I'd probably go about it this way. I don't want to deal with weird types when I'm doing my processing. Maybe I need to store them in some funky formatting due to legacy problems though. The values that are hard-coded should probably be based off of the 17 value, just didn't bother.
struct int_block {
static const uint32 w = 17;
static const uint32 m = 131071;
int_block() : data(151, 0) {} // w * 8 + (sizeof(uint32) - w)

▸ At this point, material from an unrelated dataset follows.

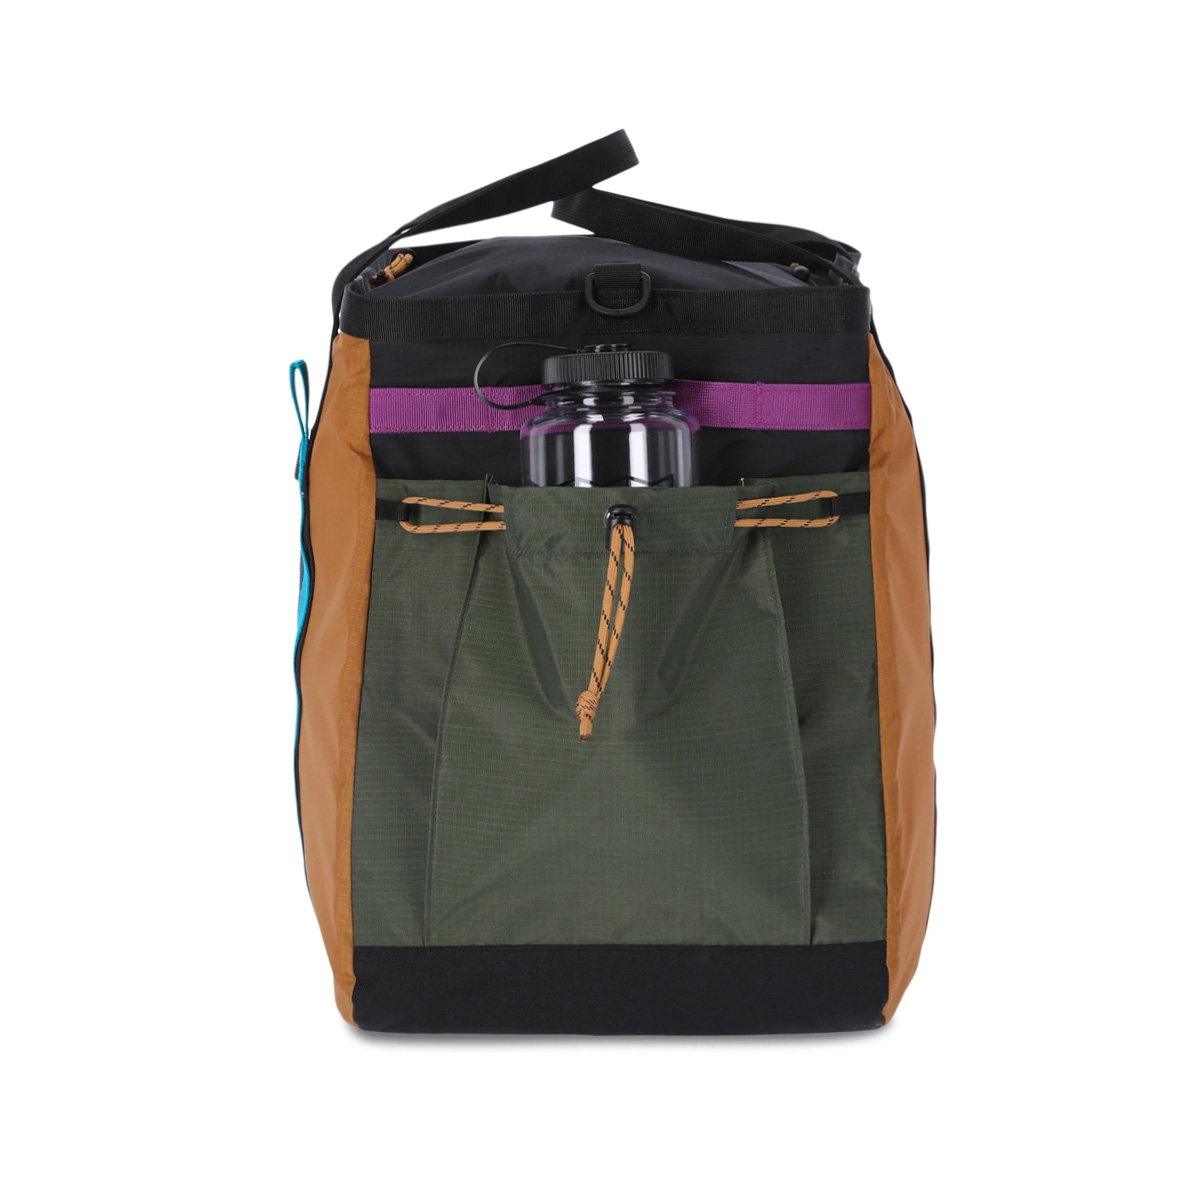 Topo Designs Mountain Gear Bag, Expandable cinch side pockets for additional storage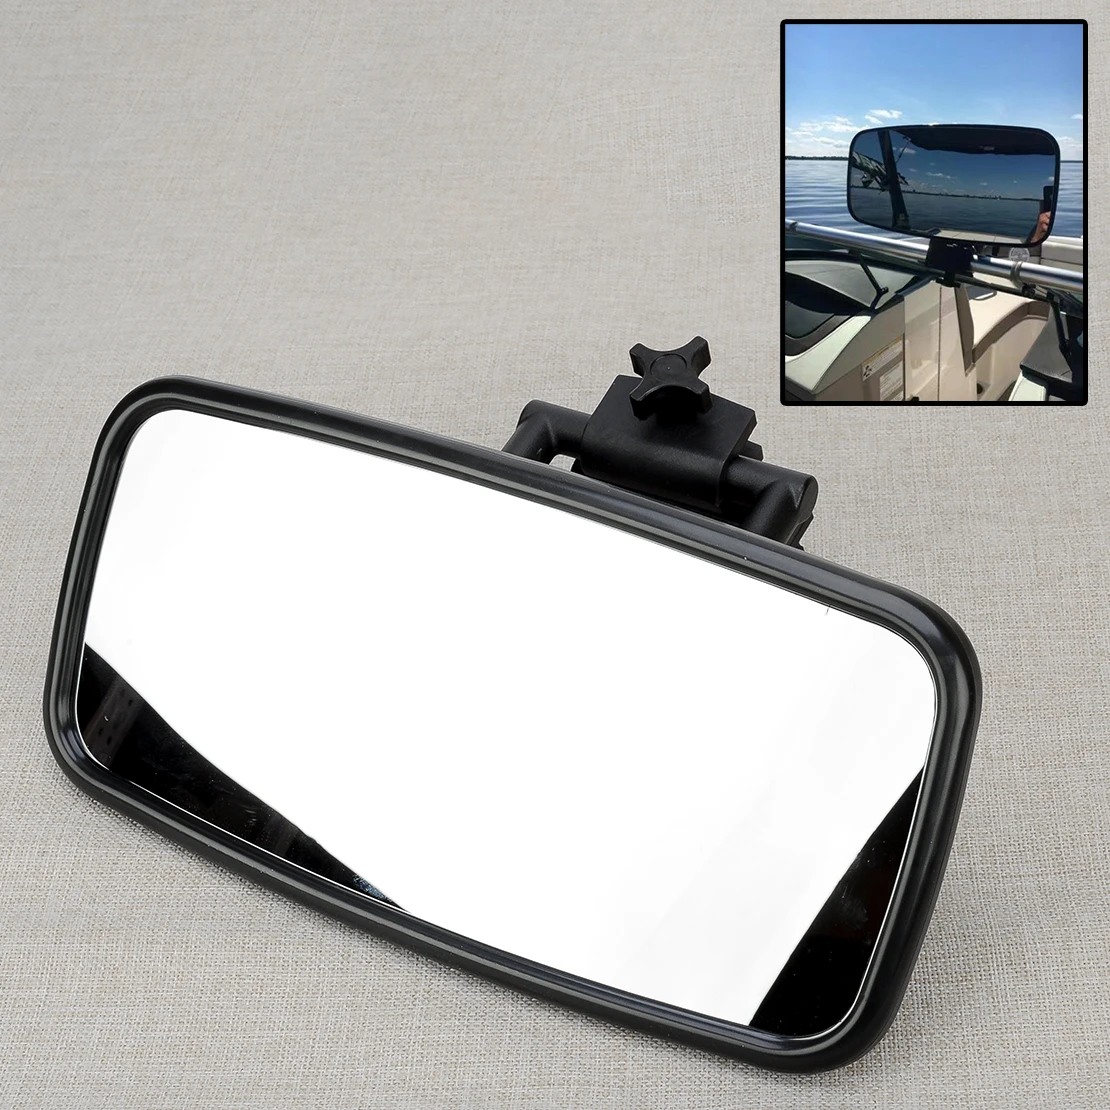 heavy-duty-7-x14-marine-rearview-mirror-with-mount-bracket-fit-for-ski-pontoon-boat-high-quality-new

uint32 get(size_t i) const {
uint32 retval = *reinterpret_cast<const uint32 *>( &data[i*w] );
retval &= m;
return retval;
}
void set(size_t i, uint32 val) {
uint32 prev = *reinterpret_cast<const uint32 *>( &data[i*w] );
prev &= ~m;
val |= prev;
*reinterpret_cast<uint32 *>( &data[i*w] ) = val;
}
std::vector<char> data;
};
TEST(int_block_test) {
int_block ib;
for (uint32 i = 0; i < 8; i++)
ib.set(i, i+25);
for (uint32 i = 0; i < 8; i++)
CHECK_EQUAL(i+25, ib.get(i));
}
You'd be able to break this by giving it bad values, but I'll leave that as an exercise for the reader. :))
Quite honestly, I think you'd be happier off representing them as 32-bit integers and just writing conversion functions. But I suspect you don't have control over that.